As ever, the only weak link is the wobbly human charged with getting to grips with the technology. It surely can't be long before a university offers a course in in-car connectivity. You'd need a PhD to suss out the S600 Maybach.

So relentless is the Maybach's softly spoken assault on your senses that actually driving it could seem like an afterthought. That would be a grave error. Only the S600 will be available in the UK. It's powered by Merc's 6.0-litre, 523bhp, bi-turbo V12, so 62mph is dusted in 5.0 seconds dead, and there's enough mid-range torque to uproot entire forests. Up front, the engine remains a mostly theoretical presence, and the 7spd transmission is an equally unobtrusive partner. All sorts of clever sound insulation tricks have been used to suppress NVH, and it's only if you bury your right foot that you think, "Yep, 12 cylinders." It weighs 2,335kg, but Merc's re-engineering efforts are such that it feels generally un-bargelike. The Rolls Phantom is still the king of making the real world disappear, but the S600 Maybach runs it close. Merc's Magic Body Control, which uses a roof-mounted stereo camera to scan the road ahead and adjust the suspension in advance of surface bobbles, smothers bumps beautifully.

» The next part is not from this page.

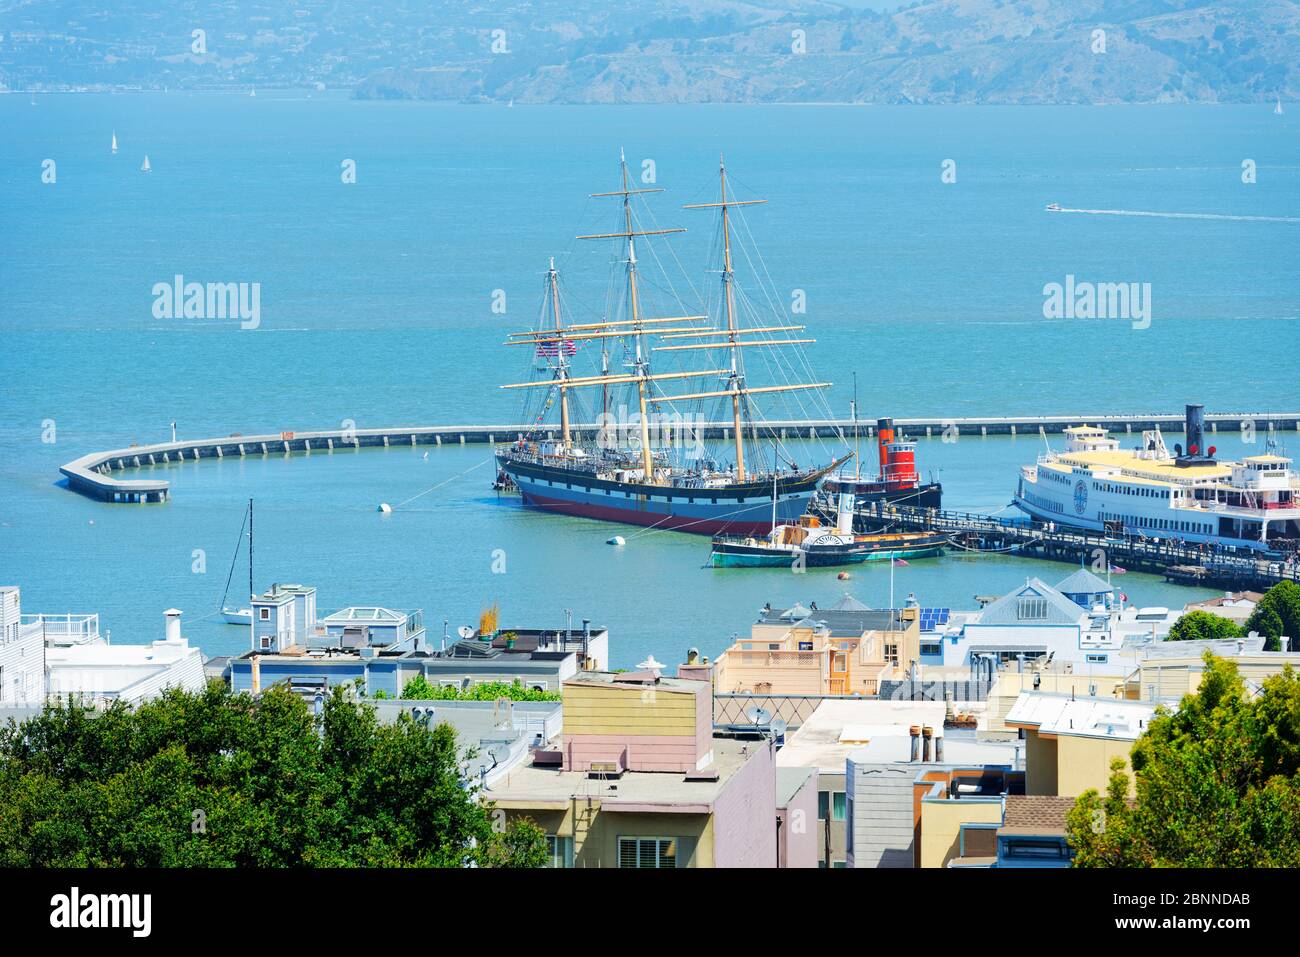 San Francisco Bay and Alcatraz Island, San Francisco, California, USA Stock Photo
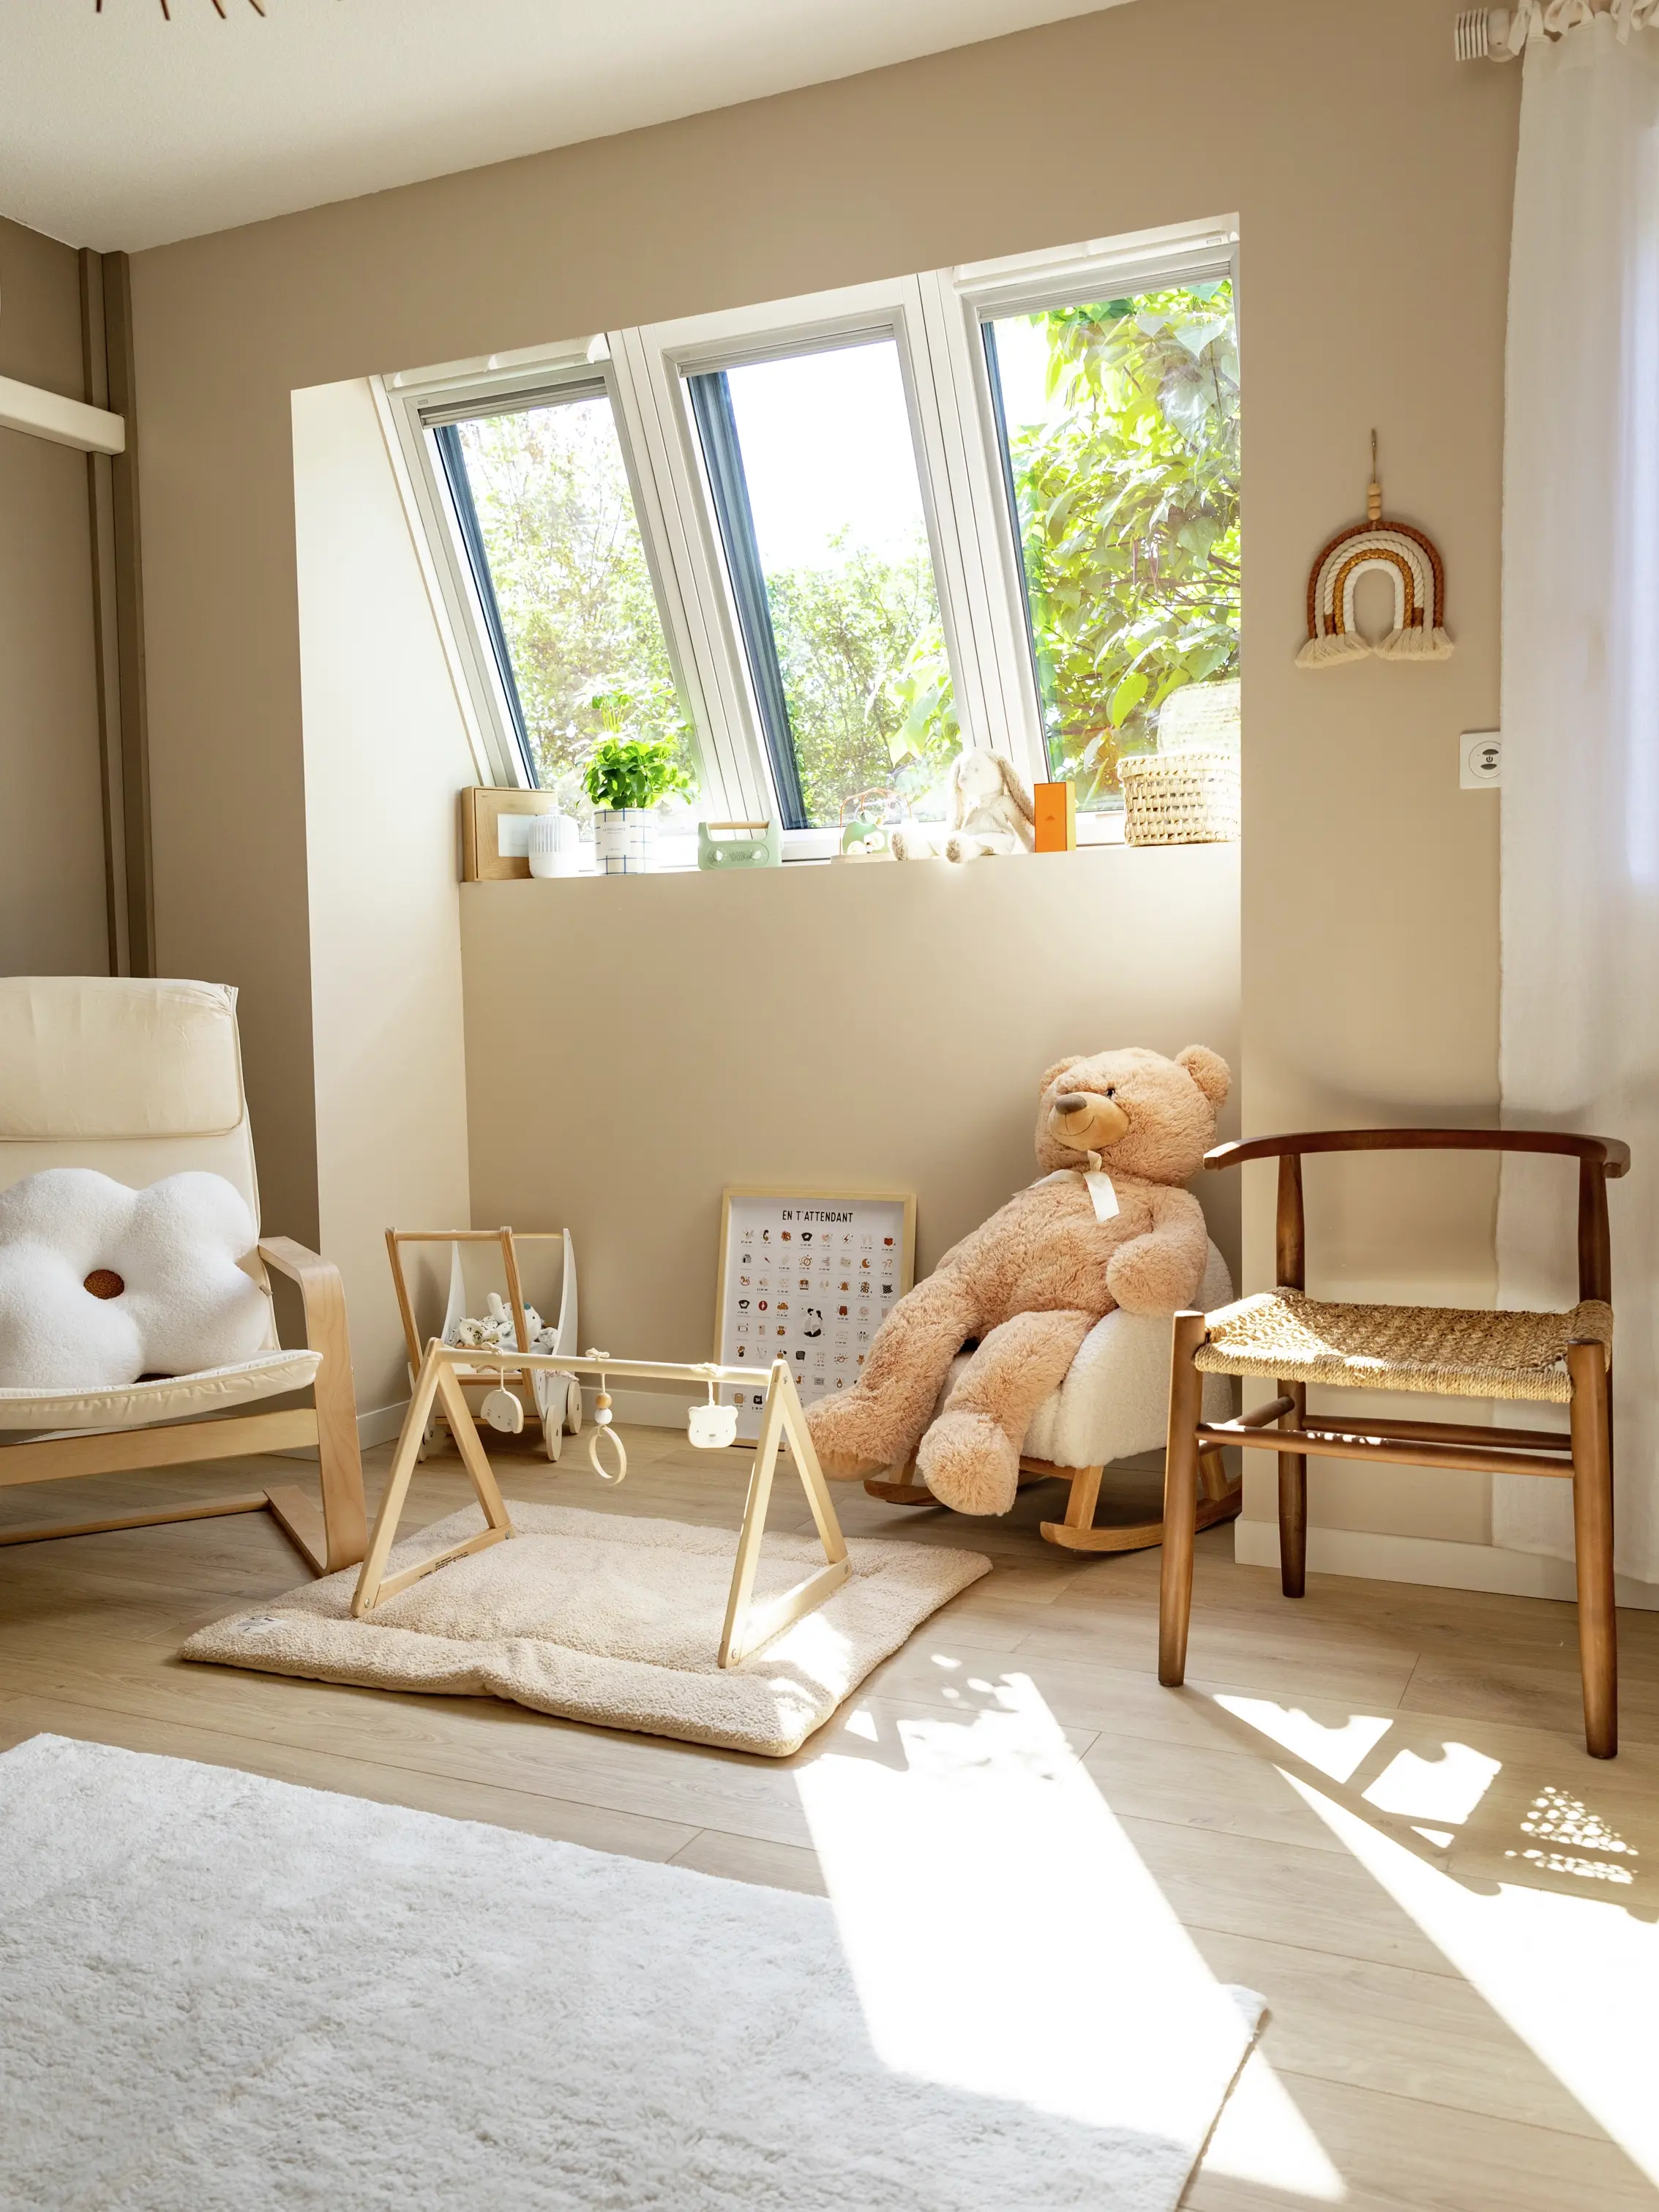 Chambre d'enfant ensoleillée avec ours en peluche et meubles en bois.

Merc expects most Maybachs to go to China, with the Middle East, Russia and the US close behind. As statement cars go, it's difficult to see what else you could expect from a super-limo, and though the Maybach S600 could never fly under the radar exactly, nor does it have the alarm bells clanging at the taste police's HQ. Post 2008, that's probably no bad thing. Incredibly, at £165,700 it's also almost good value. One of these and an AMG S63 Coupe for the same money as a Phantom? It's one of those pointlessly entertaining dilemmas.